Exercise inputs —
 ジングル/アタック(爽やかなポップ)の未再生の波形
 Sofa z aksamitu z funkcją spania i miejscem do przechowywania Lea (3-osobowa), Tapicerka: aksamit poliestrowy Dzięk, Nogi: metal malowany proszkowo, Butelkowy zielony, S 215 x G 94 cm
...
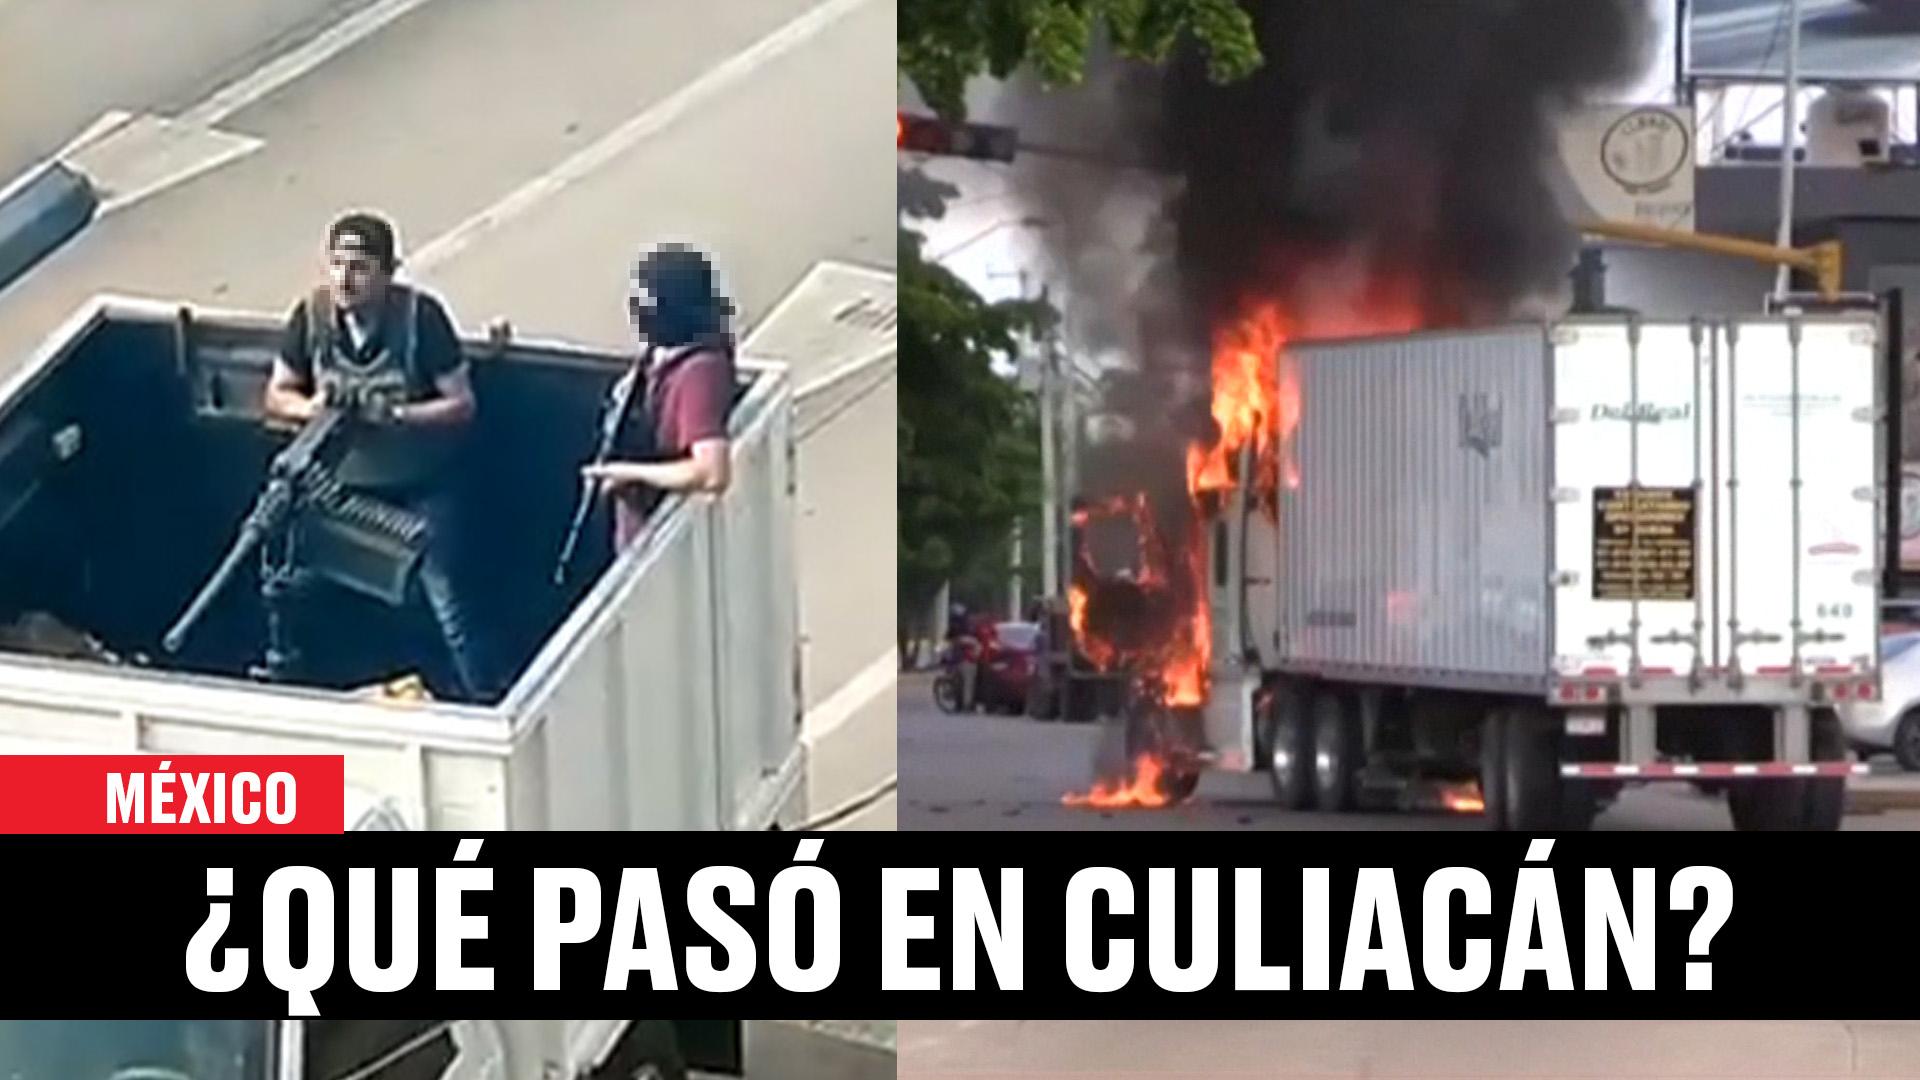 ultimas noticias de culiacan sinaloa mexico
* * *
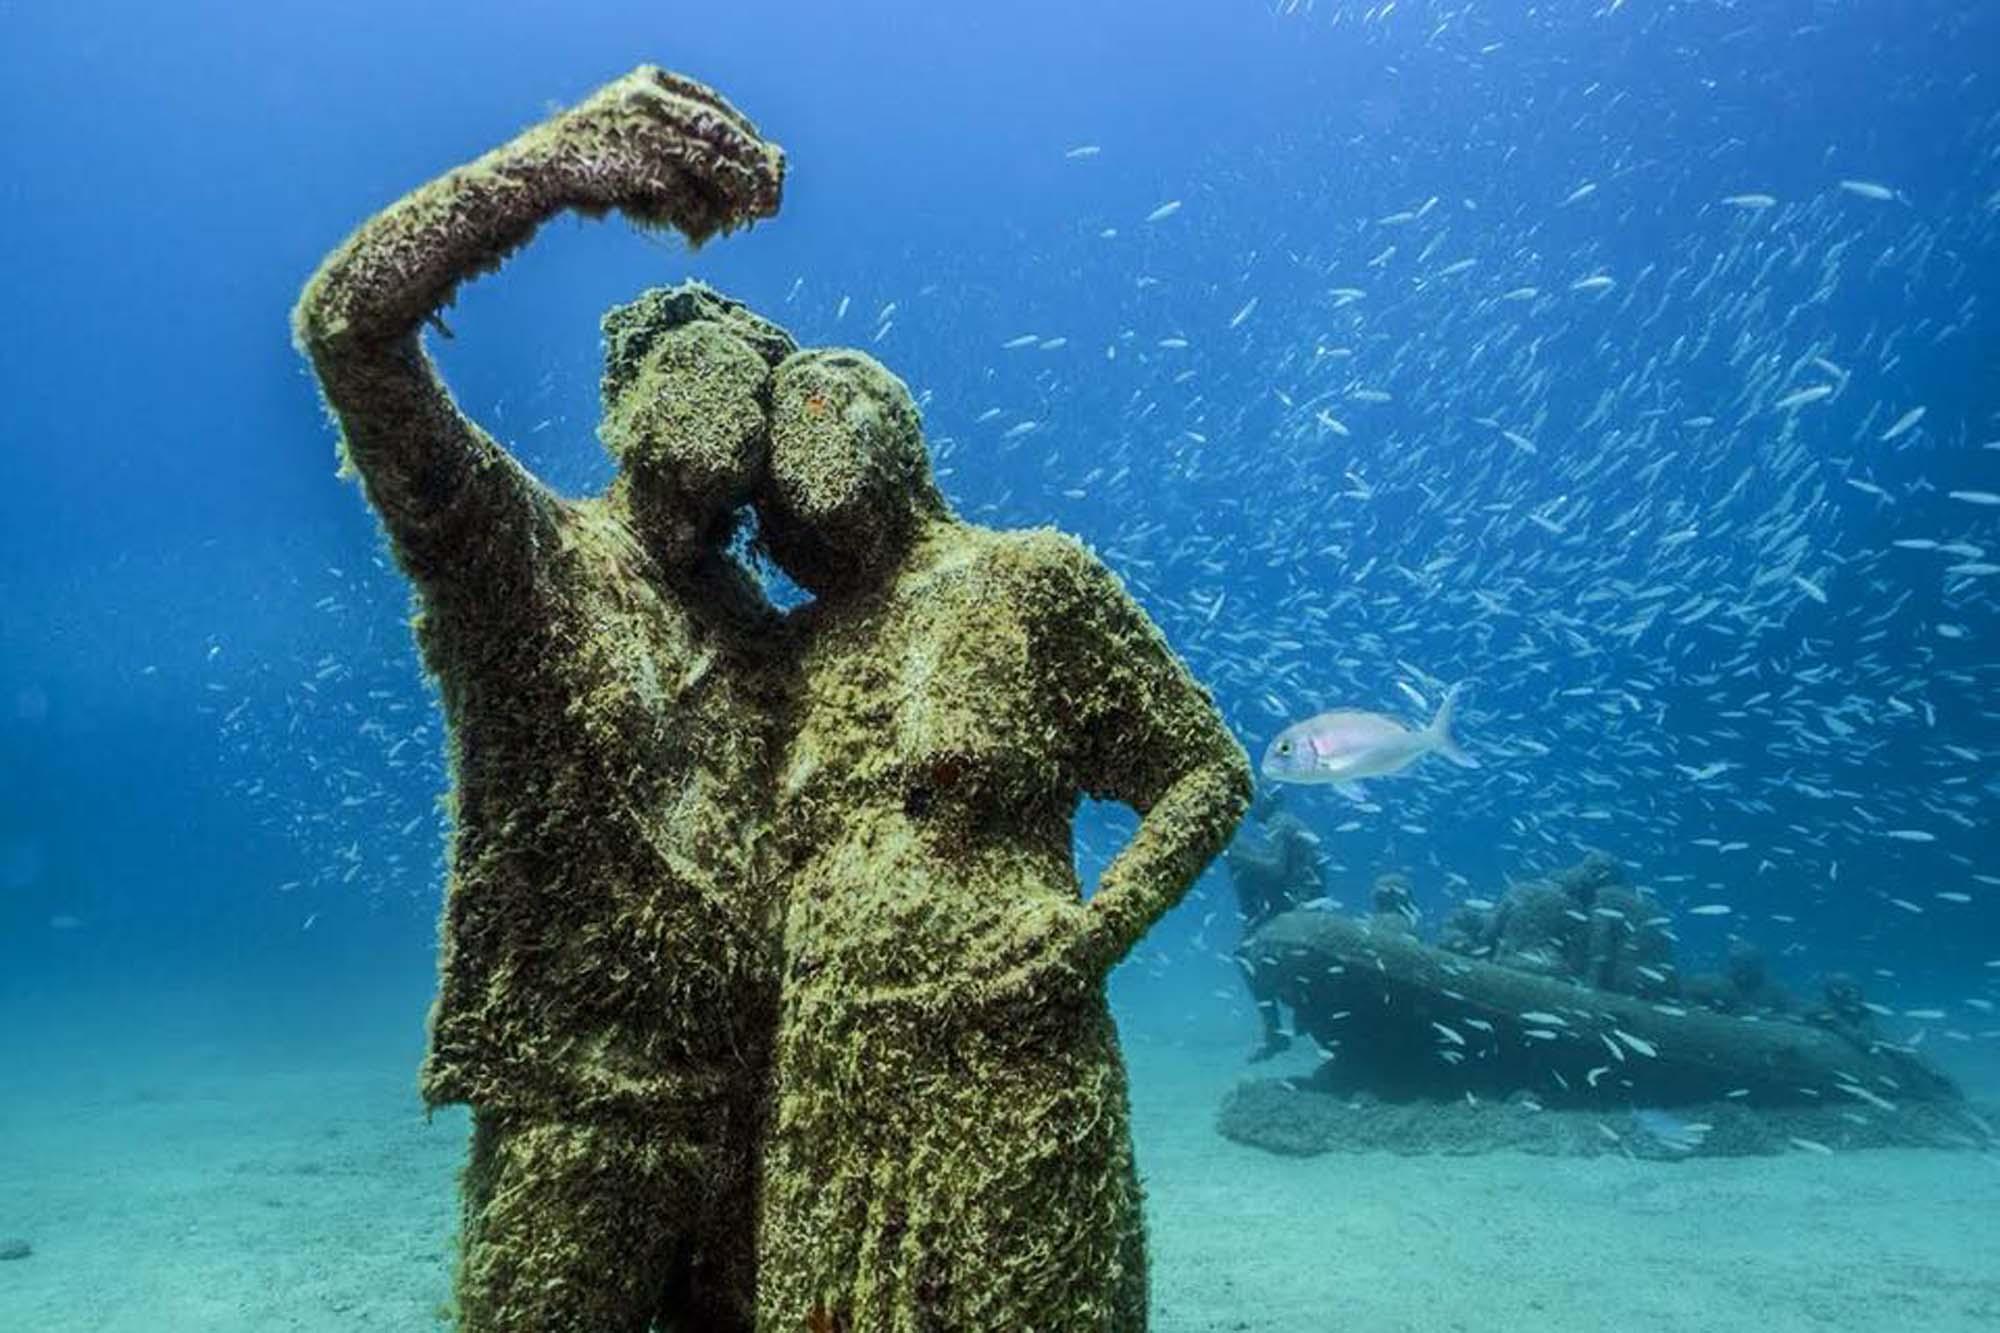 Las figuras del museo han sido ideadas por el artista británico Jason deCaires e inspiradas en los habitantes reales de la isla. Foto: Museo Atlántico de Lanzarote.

What to do —
Your answer should be the lines of the listing above between the line holding "ジングル/アタック(爽やかなポップ)の未再生の波形" and the line holding "Sofa z aksamitu", inclusive, restated word for word and alone.

Task result —
 ジングル/アタック(爽やかなポップ)の未再生の波形
 Sofa z aksamitu z funkcją spania i miejscem do przechowywania Lea (3-osobowa), Tapicerka: aksamit poliestrowy Dzięk, Nogi: metal malowany proszkowo, Butelkowy zielony, S 215 x G 94 cm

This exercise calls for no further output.